1. Enter the text label x_ave [1/m] in cell B3, and input the value of the average of all the independent variables in cell B4 below it. You can use the equation =AVERAGE(B6:B21) for your specific range. Your independent variable here is 1/d.
2. Similarly, use cell C3 for the text label y_ave [nanoF] and C4 for the calculated value of the average of the dependent variable y. The dependent variable here is C.
3. Now create a column for the values of x^2 (1/d^2). This will likely be your Column G.
4. Use cell G3 for the text label “Sum x^2” and input =SUM(G6:G21) in cell G4. Rename cell G4 as sumx2
5. Similarly, use cell H3 for the text label “Sum xy” and input =SUM(H6:H21) in cell H4. Rename cell H4 as sumxy.
6. A couple additional columns may prove useful, such as the product of x and y $(C_{i}(1/d_{i}))$ and the difference in $x_{i} - x_{ave}$ squared $((1/d_{i}-1/d_{ave})^2)$
7. Use cells J2 and L2 as text labels for the slope and uncertainty of the slope. Input the equation for the slope, Eq. 11, and uncertainty, Eq. 13, in cells K2 and M2 respectively. Use the renamed labels for cells in your EXCEL equation.

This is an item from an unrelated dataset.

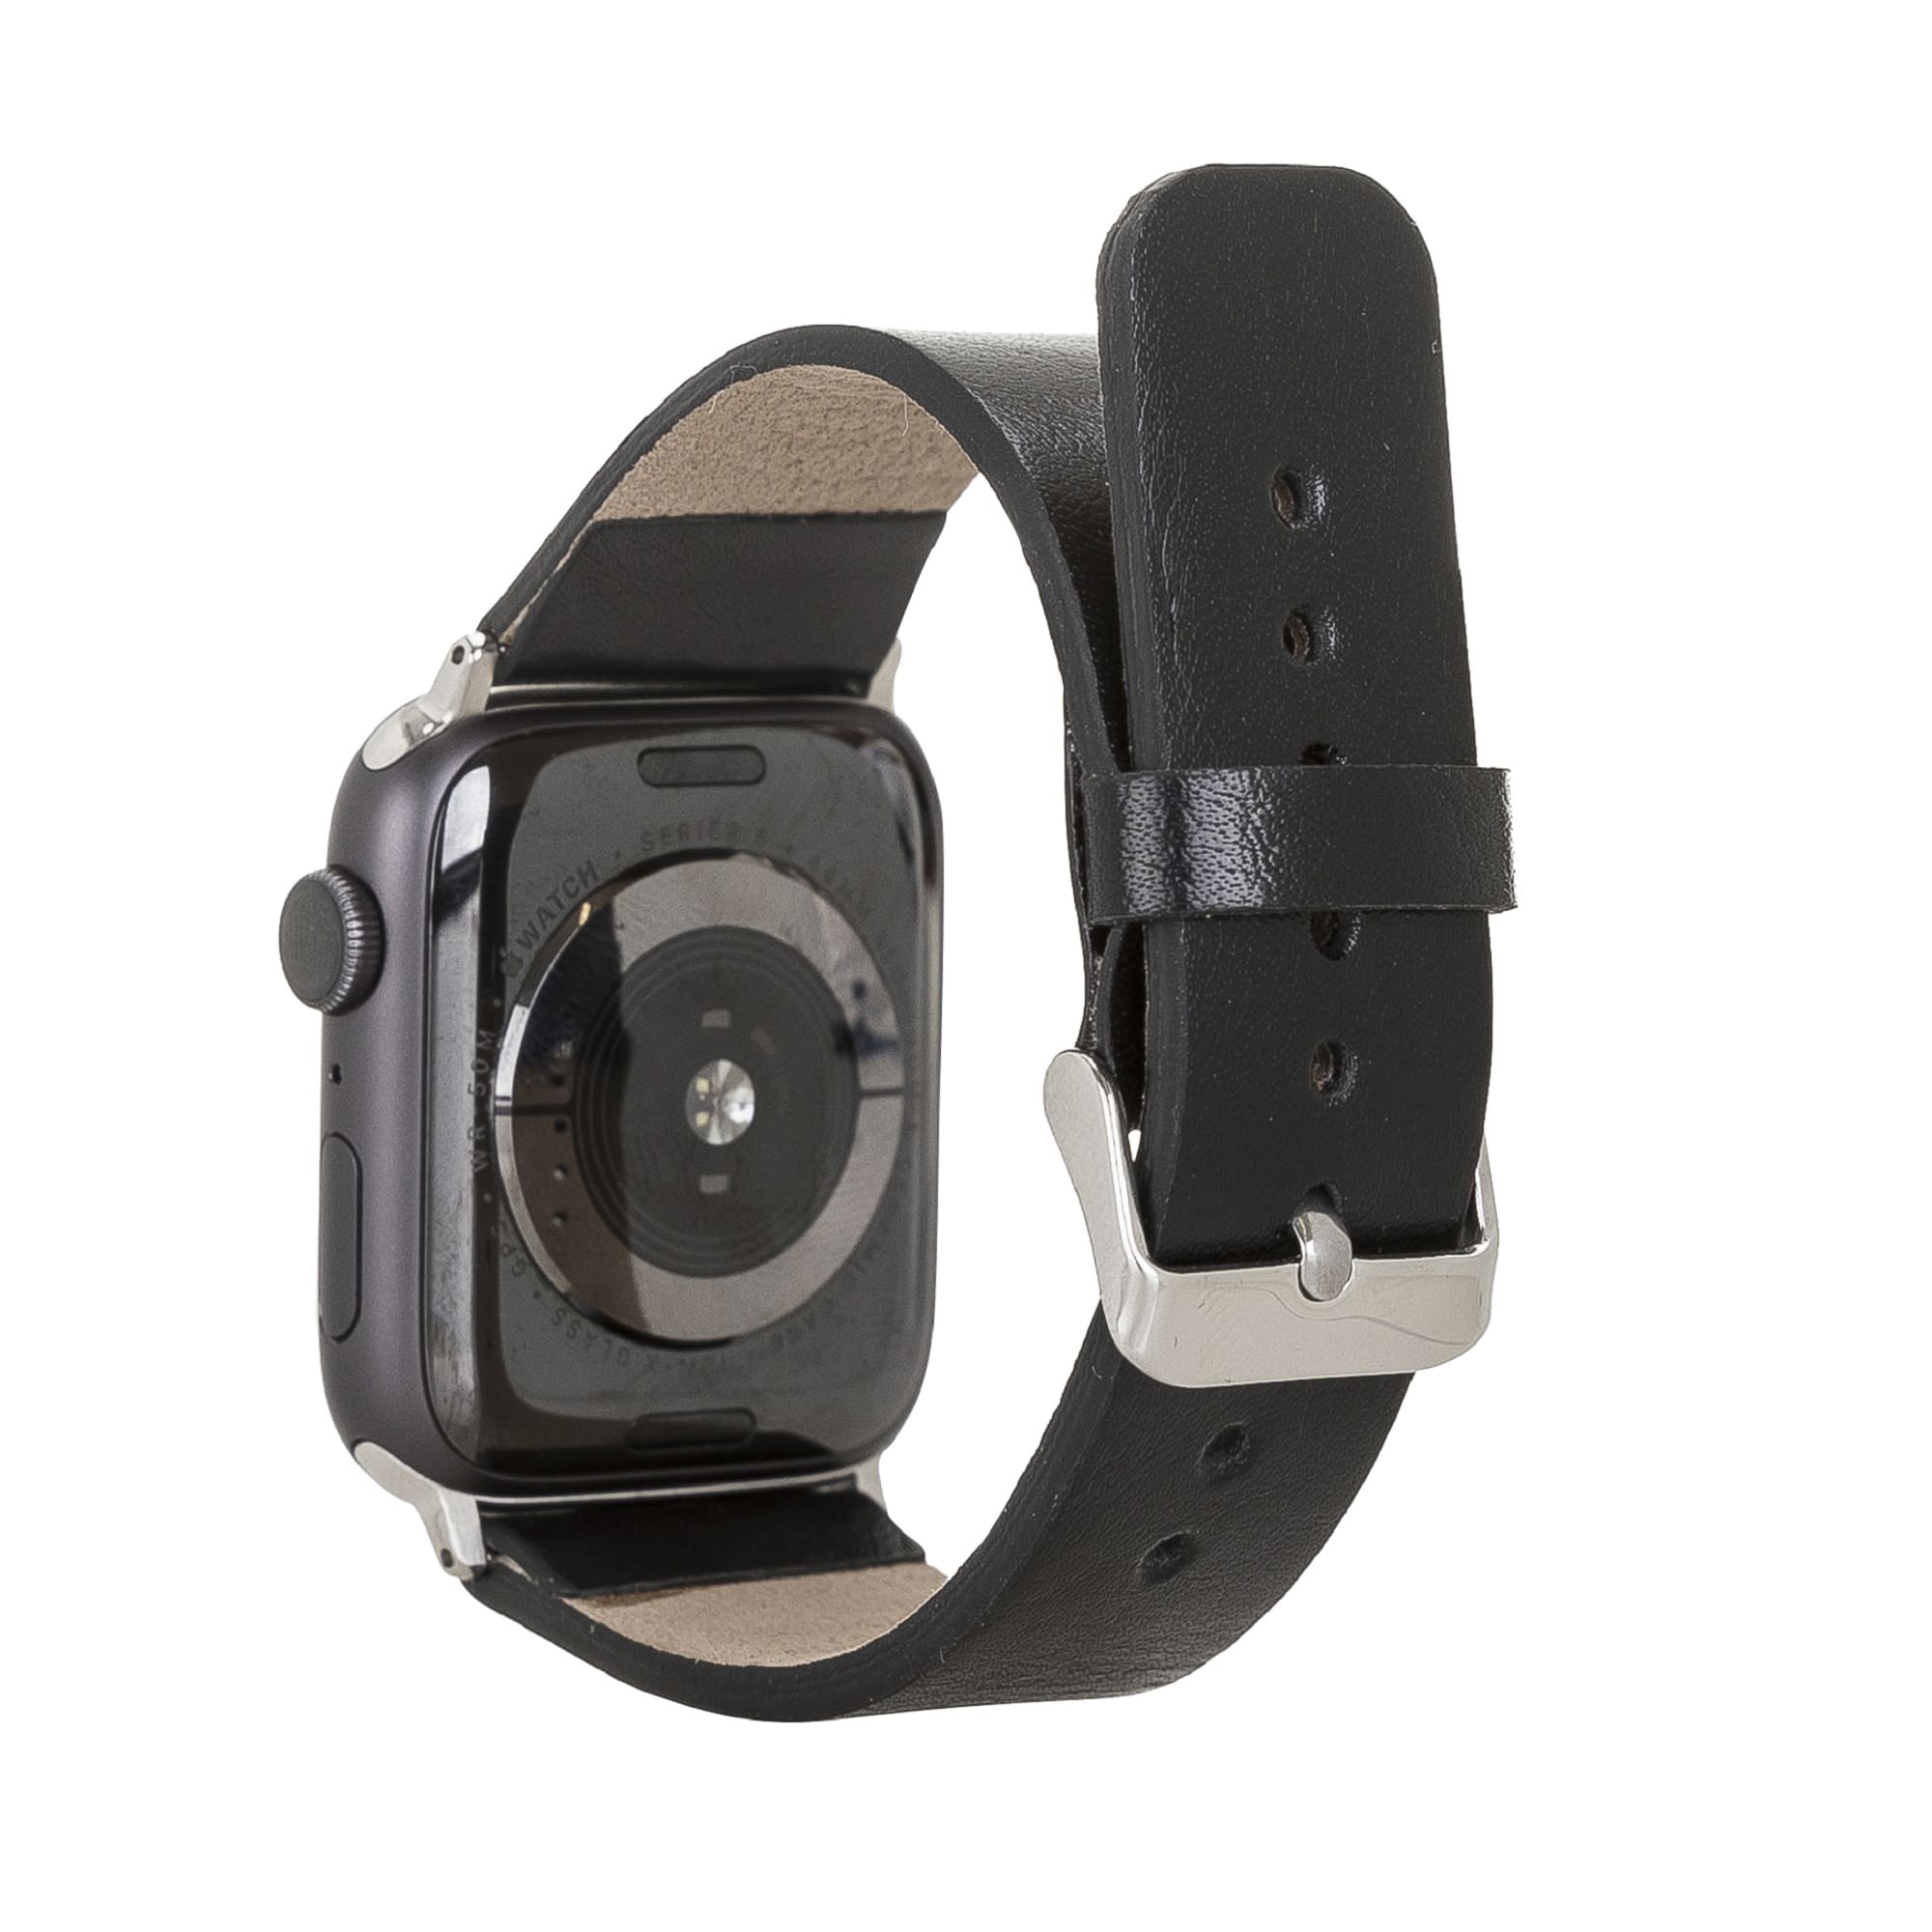 Cambridge Black Genuine Leather Apple Watch Band Strap 38mm 40mm 42mm 44mm 45mm for All Series - Bomonti - 2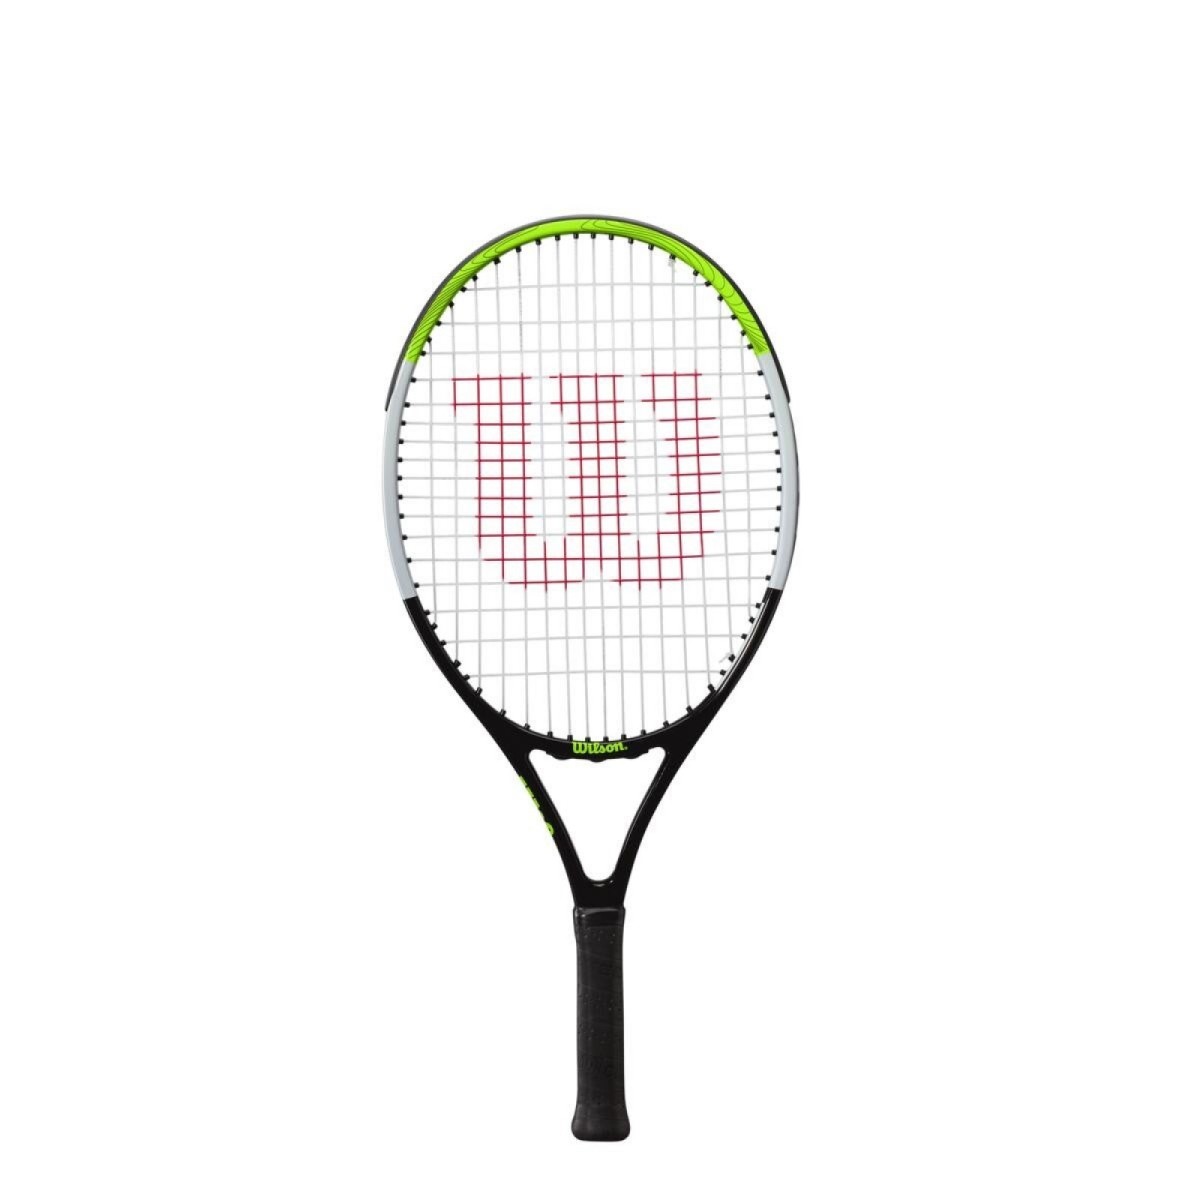 Wilson Blade Feel 23 Tennis Black / White / Green Inspired by performance Blade line, the Blade 23 appeals to developing juniors through a mix of playability, feel and

Record your equation and results in your lab notebook. How so these values compare to LINEST?
8. Use cells J1 and L1 as text labels for the intercept and uncertainty of the intercept. Input the equation for the intercept, Eq. 12, and uncertainty, Eq. 14, in cells K1 and M1 respectively. Use the renamed labels for cells in your EXCEL equation.
Record your equation and results in your lab notebook. How so these values compare to LINEST?